Exactly the lines below starting at the line with "schären inseln entdecken" and ending at the line with "シロカの最新ホームベーカリー" are wanted, with both ends included. Leave out the pictures and add no other lines.
:: DATA PROVIDED
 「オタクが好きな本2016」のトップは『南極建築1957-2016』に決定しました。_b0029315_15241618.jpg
::::
:: DATA PROVIDED
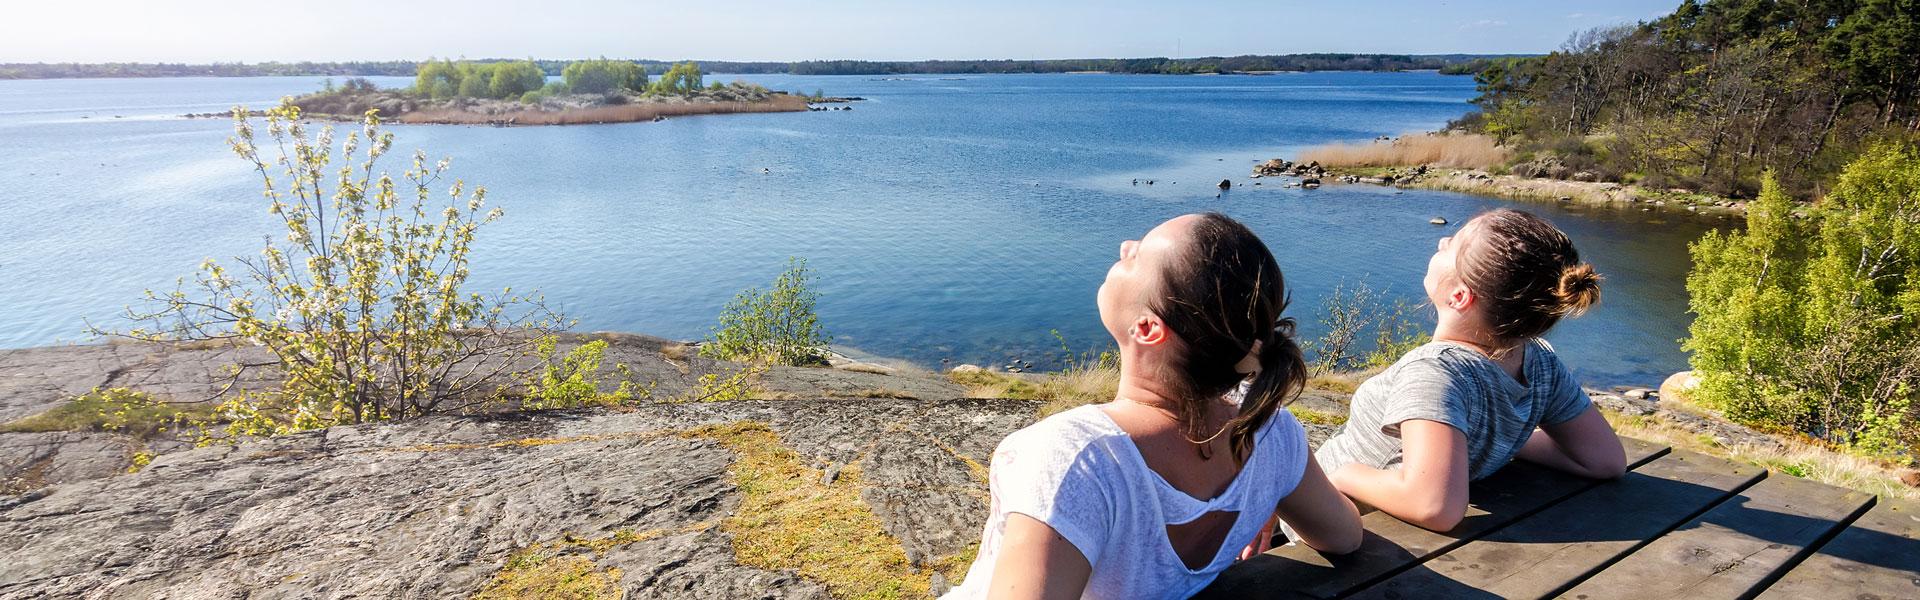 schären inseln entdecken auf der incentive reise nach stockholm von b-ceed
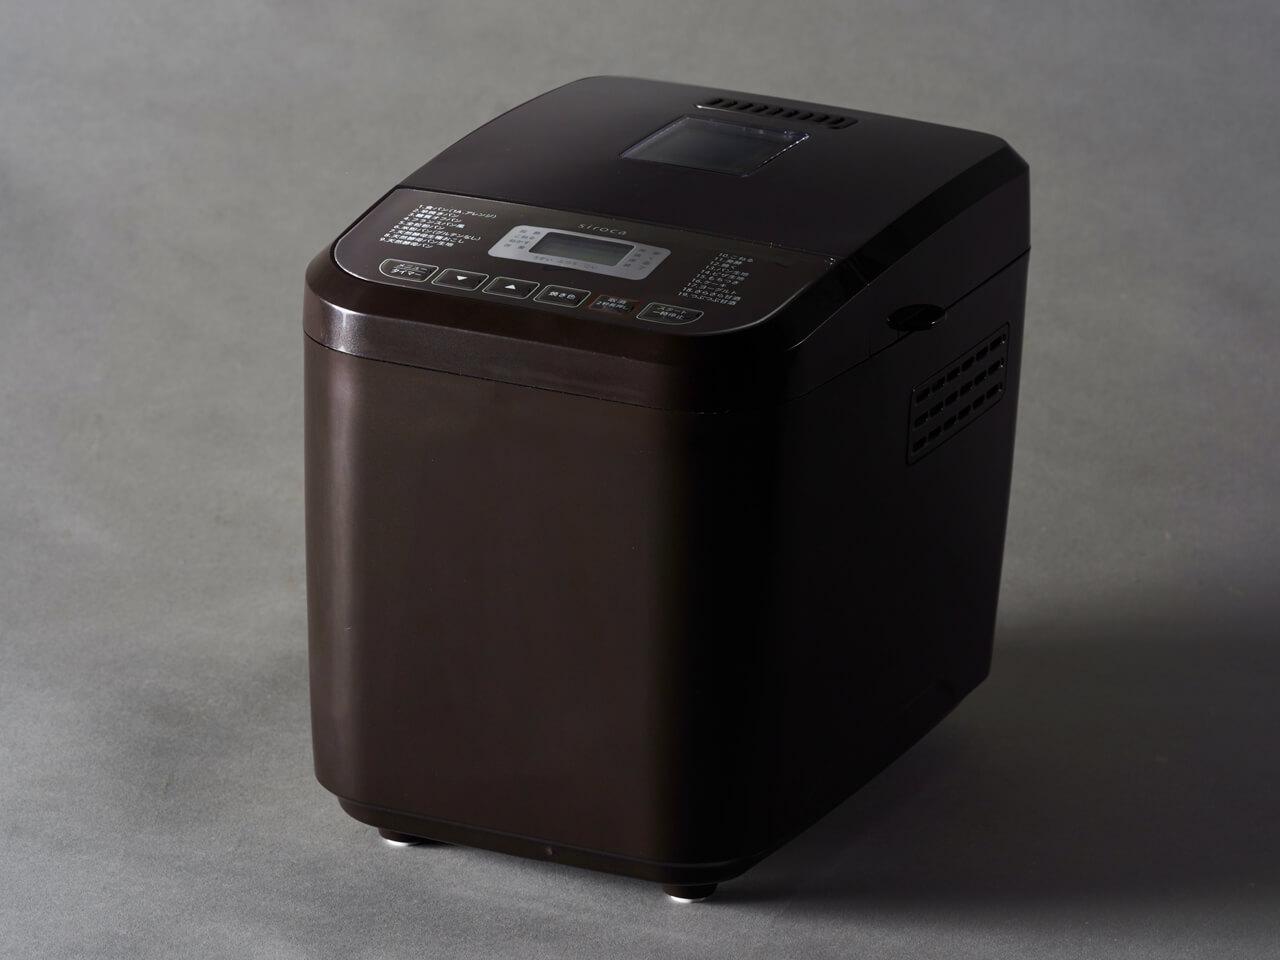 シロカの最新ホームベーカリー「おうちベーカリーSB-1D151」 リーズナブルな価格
::::
ANSWER:
 schären inseln entdecken auf der incentive reise nach stockholm von b-ceed
 シロカの最新ホームベーカリー「おうちベーカリーSB-1D151」 リーズナブルな価格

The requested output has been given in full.